Le 24 juin 2022, en garantie d’un prêt lui ayant accordé par le CIC, la société Le Vrac Qui-May a constitué à son profit un nantissement de son droit à bail commercial sur des locaux sis à [Localité 5], pour sûreté d’une somme de 50 000 euros.
Le CIC a déclaré à la procédure collective une créance de 119 793,82 euros au titre de ce prêt, faisant état du nantissement du 24 juin 2022 pour demander à ce qu’elle soit considérée comme privilégiée à hauteur de 50 000 euros.
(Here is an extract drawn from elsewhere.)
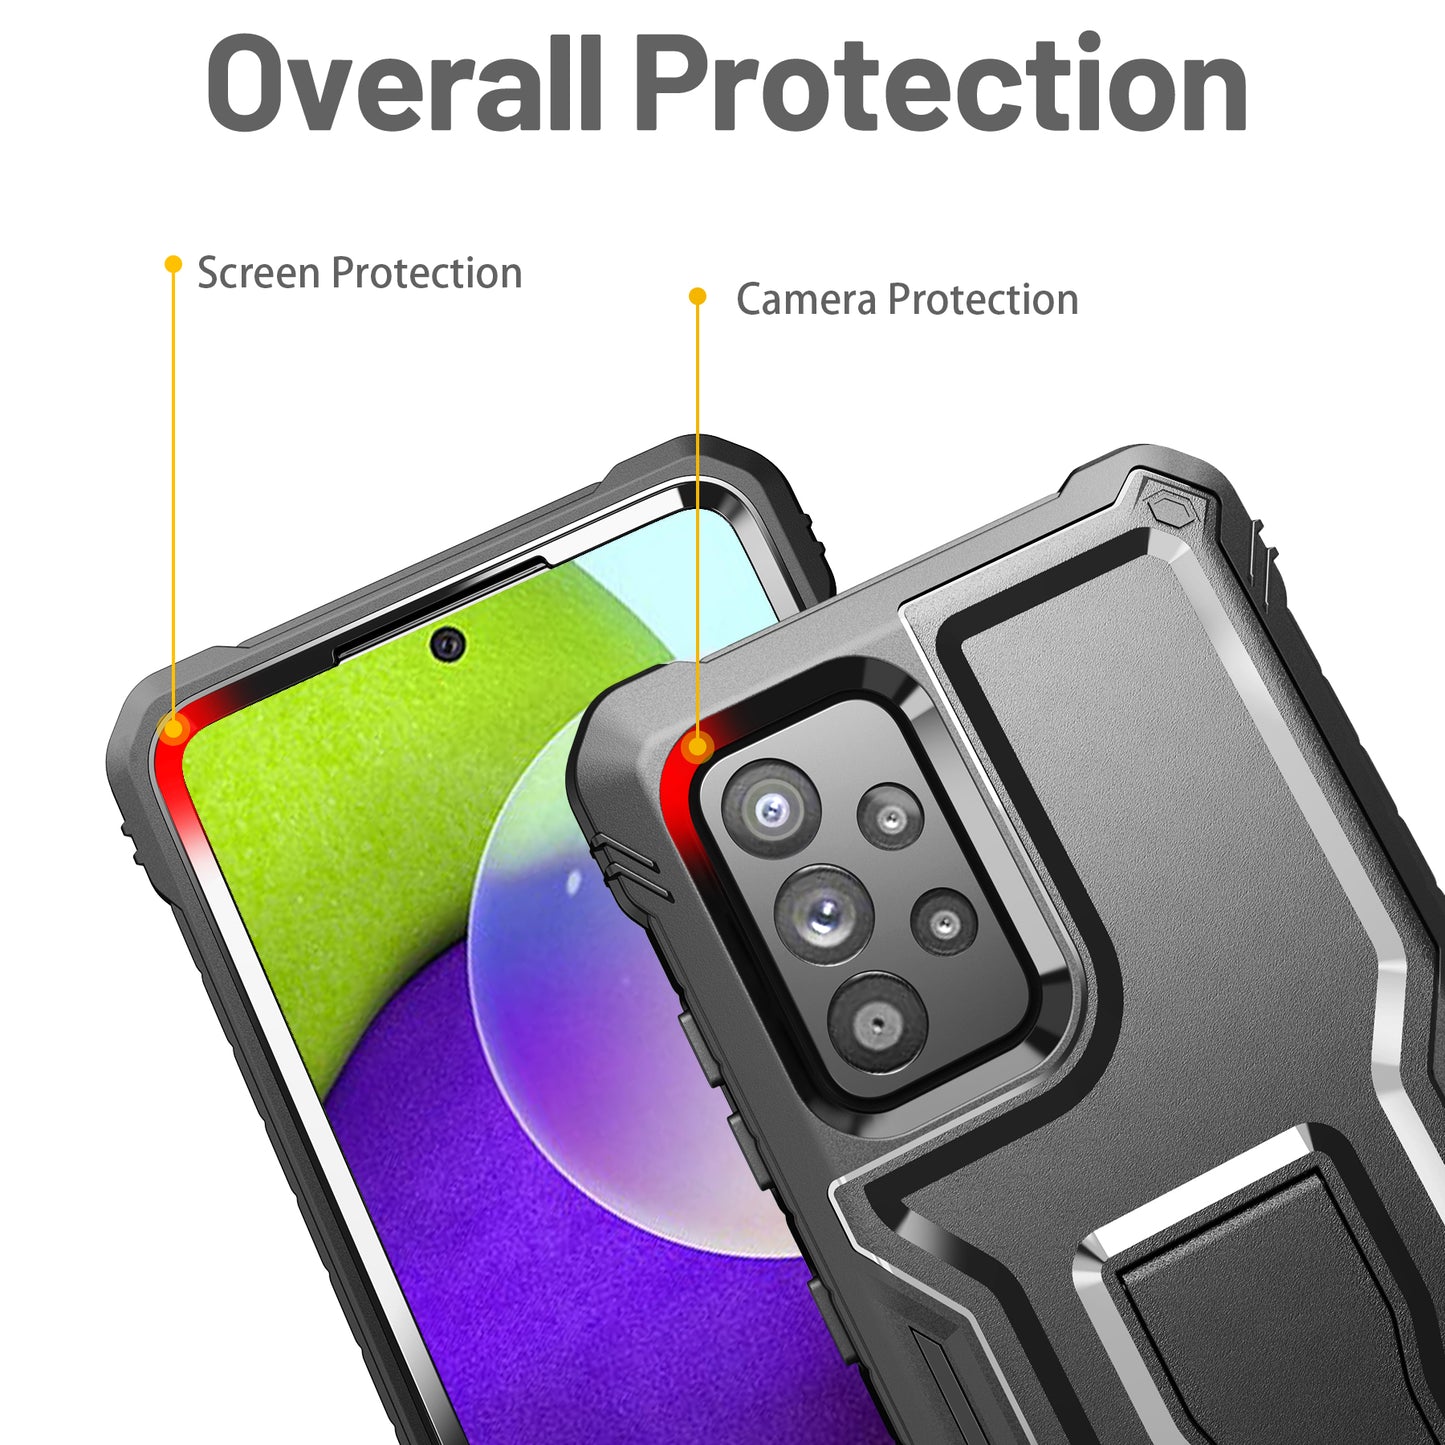 FITO Samsung A52 Case Built in Screen Protector, Dual Layer Shockproof Heavy Duty Case with Kickstand Compatible with Samsung Galaxy A52 Phone

Mais ce gage n’avait pas été publié, de sorte qu’il ne peut être considéré comme opposable à la procédure collective.
L’ordonnance entreprise doit en conséquence être confirmée en ce qu’elle admis la créance du CIC à titre seulement chirographaire pour le tout.
Sur les demandes accessoires
Le CIC, qui succombe, supportera les dépens.
L’équité commande de n’allouer d’indemnité de procédure à aucune des parties.
PAR CES MOTIFS,
la cour, statuant contradictoirement,
Confirme l’ordonnance entreprise ;
Condamne le Crédit Industriel et Commercial aux dépens d’appel ;
Rejette les demandes formulées au titre des frais non compris dans les dépens.
— prononcé publiquement par mise à disposition de l’arrêt au greffe de la cour, les parties en ayant été préalablement avisées dans les conditions prévues au deuxième alinéa de l’article 450 du code de procédure civile.
— signé par Monsieur Ronan GUERLOT, Président, et par Madame Françoise DUCAMIN, Greffière, auquel la minute de la décision a été remise par le magistrat signataire.